As the others have said, we have lots and lots of Oberon pictures here. One member is working to create a new thread that will just be pictures and consolidate them all in one place. Yes, we are probably doing some work that Oberon should be doing themselves at their website but, hey, it's all with good intentions and we like showing off our cases and covers. So I'd say it's win-win all around.

BTW, the Oberon folks are members here and drop in occasionally.

L


----------



## Patrizia (Oct 29, 2008)

They are working on that but it has to do with the web developers.. we have had the conversation many times..

I did talk to Don about this and its just really difficult to picture every single one in every single color..the colors are sometimes in the journals.. they are working on making changes.

The thread is a good idea but the problem with that is some lighting or cameras are different and Oberon has had a situation where someone ordered based on someones pictures and were unhappy because the color was different so take that into account.


Oberon is a very small company.. less then 10 employees total and so all hands are busy.  they have a guy who does this but I do know they are working on updating and changing a few things.  This suggestion has been made, they are aware of it.. I was just glad when they took the suggestion to add paypal.  There will be new covers and buttons up on Friday.


----------



## jesspark (Jan 12, 2009)

Patrizia said:


> The thread is a good idea but the problem with that is some lighting or cameras are different and Oberon has had a situation where someone ordered based on someones pictures and were unhappy because the color was different so take that into account.


I thought about that... but, then again, there are differences in shade even within the same color (just take a look at the purple covers!), so I think that providing a wide range of photos -- showing that your Oberon cover _could_ be as dark as this person's or as light as that person's -- is about as "fair" as you're going to get.

Someone may have been upset that their cover didn't match another individual's photo, but I seriously doubt the same thing hasn't happened with Oberon's own product images on their website. It's just the nature of the material. I know that my Hokusai Wave cover doesn't look much like the picture on their site, for instance; it's a far deeper blue in person than what's pictured at oberondesign.com. If I hadn't seen other photos here at KindleBoards to prepare me for the chance that my cover may look darker than the Oberon photo, I might've been disappointed with it.

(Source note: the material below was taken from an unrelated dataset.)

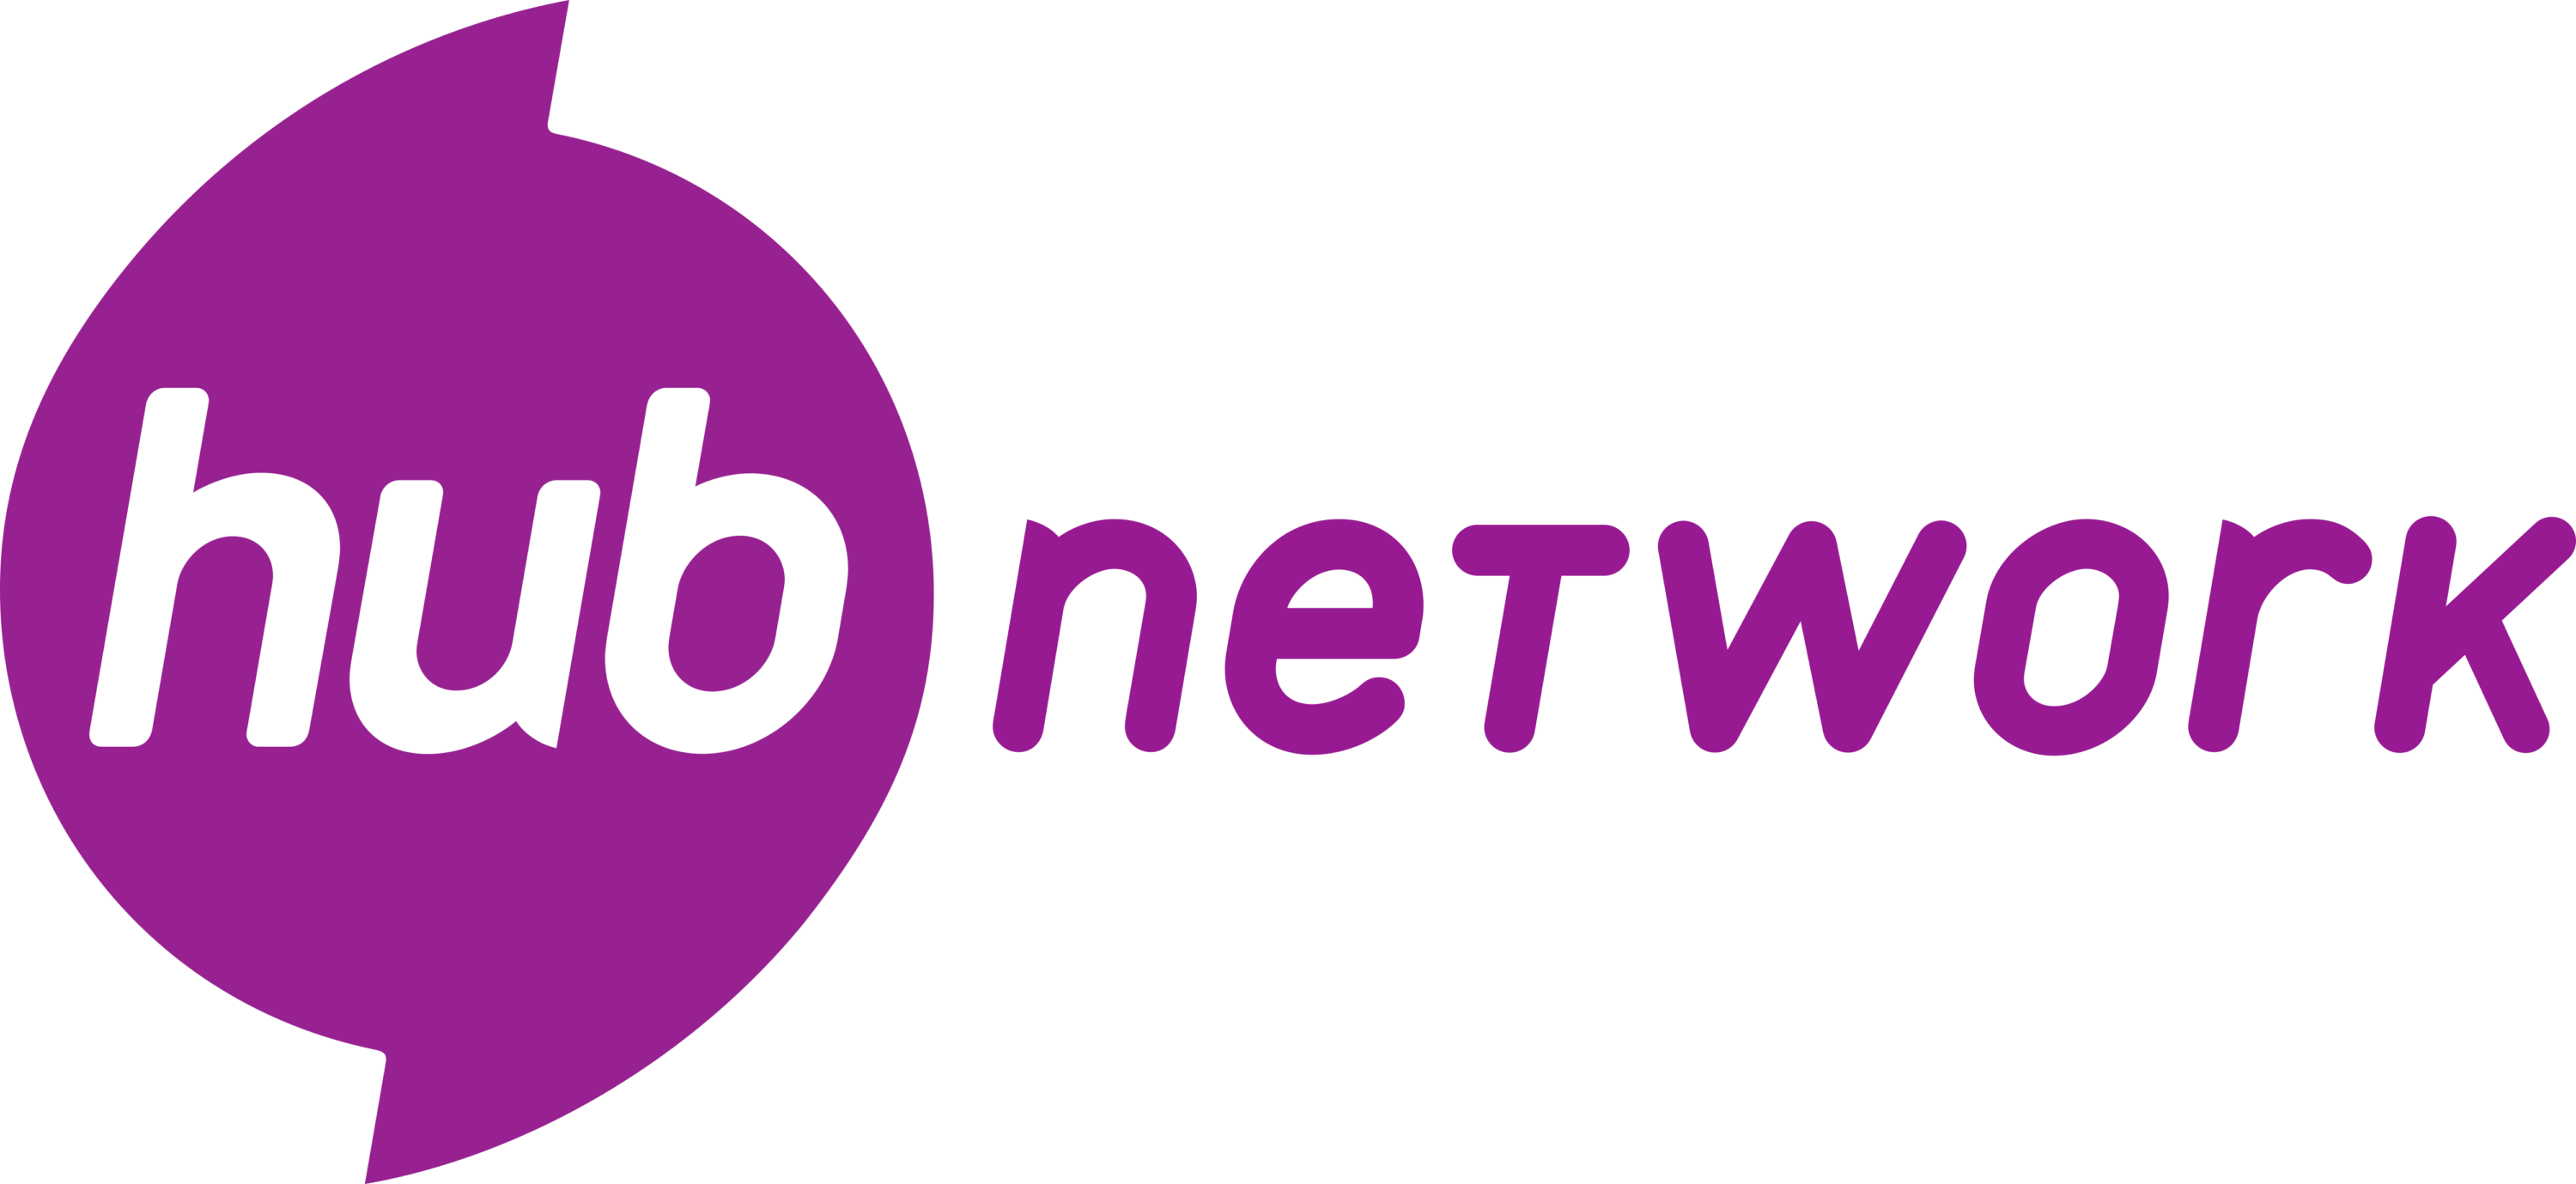 Hub Network Logo

By being able to view as many photographic examples as possible, potential customers should (hopefully!) be better-informed as to the variations in color they may encounter with Oberon's unique leather items, and they also get an opportunity to see products in colors that don't yet have official photos.

Good to know that Oberon is working on a solution themselves, though!


----------



## Patrizia (Oct 29, 2008)

I totally agree with that, the problem came up when someone complained because the images didn't look the same.. on here I find many times I see more detail with the larger photos which is a good thing.. I just think they need to keep it in mind when they order.. dye lots tend to differ.. I have even had that with Medge.. because computer monitors are different or the photos, lights.. etc.. its hard to get a perfect idea on something.. I think thats where people sometimes get upset.  

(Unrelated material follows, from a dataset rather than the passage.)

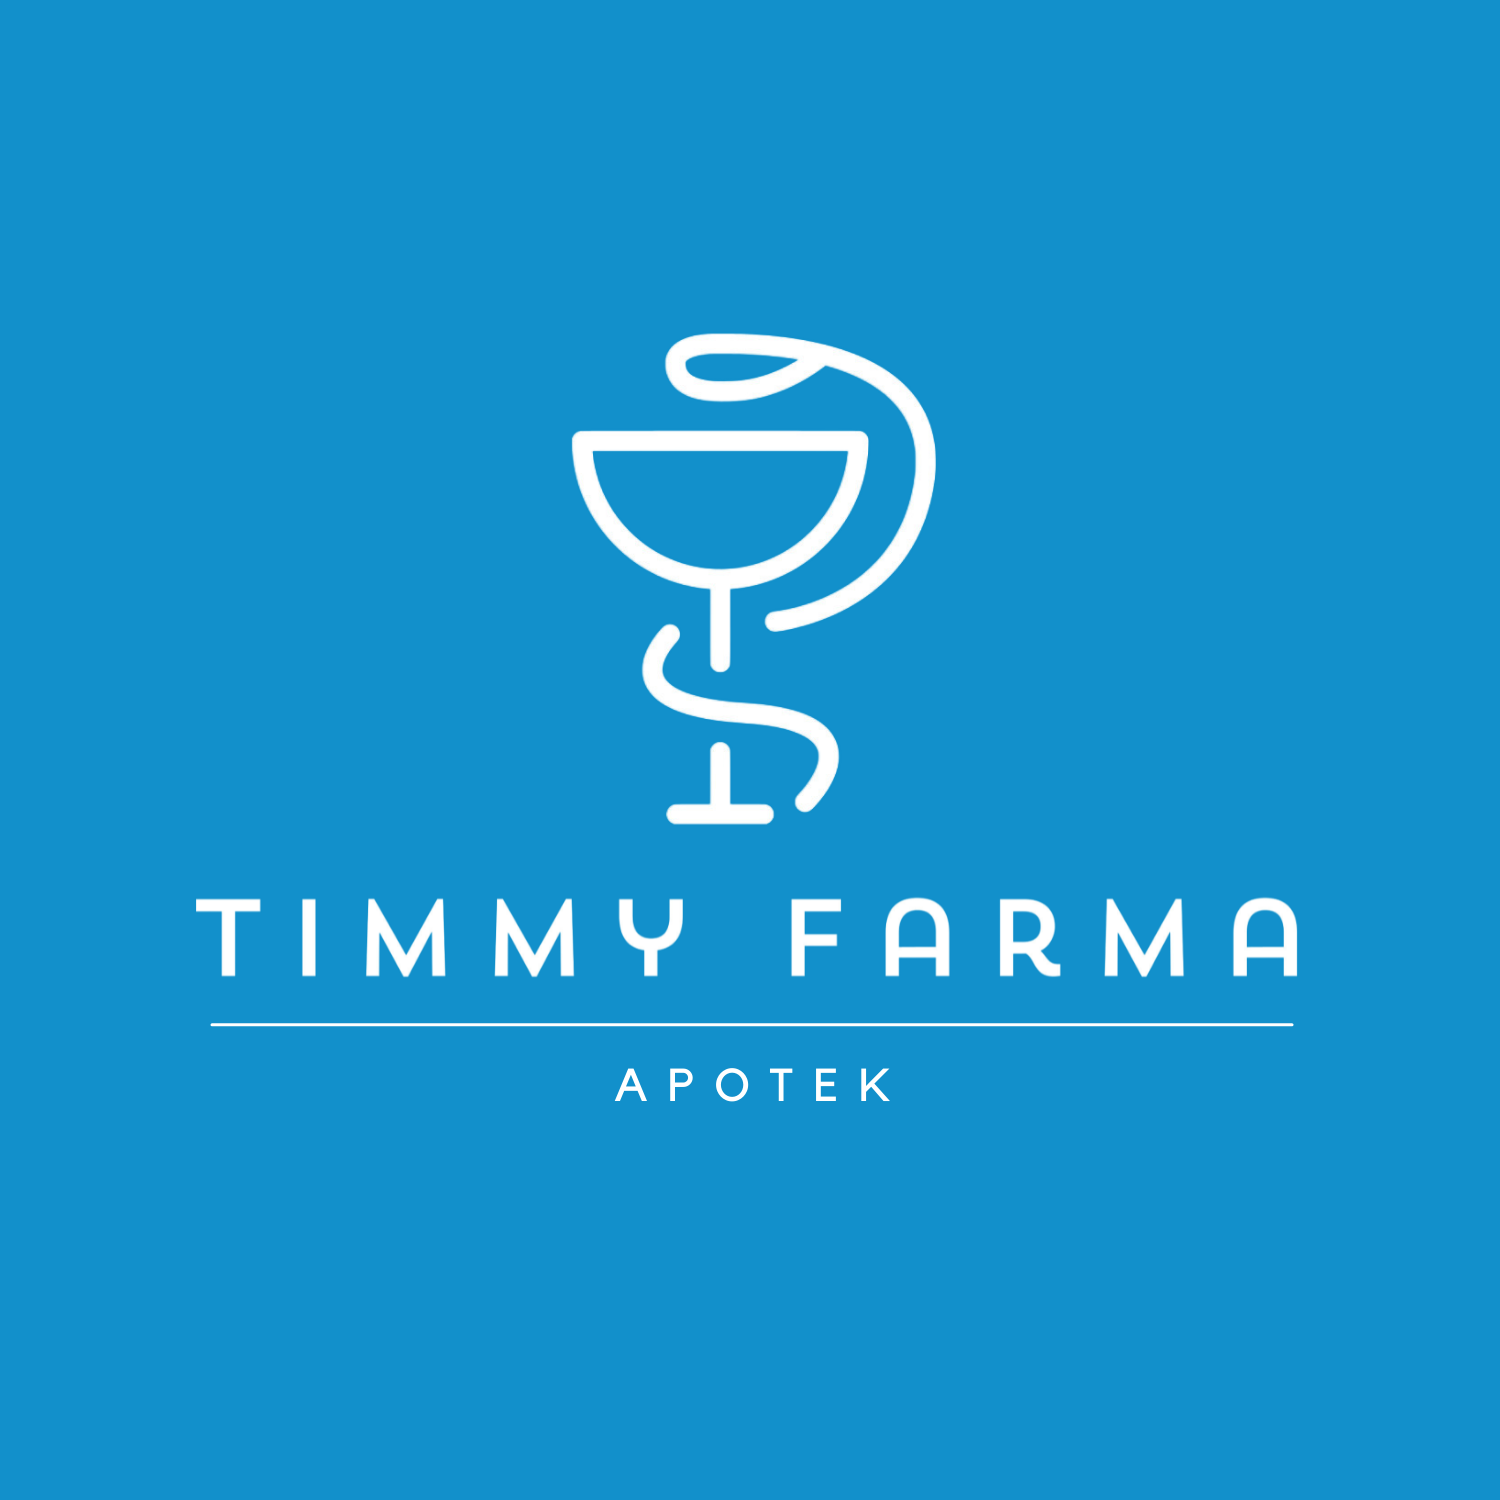 Apotek Timmy Farma

I did talk to Don about this today and he said the task would be unreal at this point.. its just way too many images and colors per image to list.. at one point they had a "swatch" online but could not get the color to look right either... so I think doing it here is great but people need to be aware dye lots can vary


----------



## jesspark (Jan 12, 2009)

Patrizia said:


> I totally agree with that, the problem came up when someone complained because the images didn't look the same.. on here I find many times I see more detail with the larger photos which is a good thing.. I just think they need to keep it in mind when they order.. dye lots tend to differ.. I have even had that with Medge.. because computer monitors are different or the photos, lights.. etc.. its hard to get a perfect idea on something.. I think thats where people sometimes get upset.
> 
> I did talk to Don about this today and he said the task would be unreal at this point.. its just way too many images and colors per image to list.. at one point they had a "swatch" online but could not get the color to look right either... so I think doing it here is great but people need to be aware dye lots can vary


That's why it's a good thing Oberon has that handy "Leather Color Disclaimer" on their website! 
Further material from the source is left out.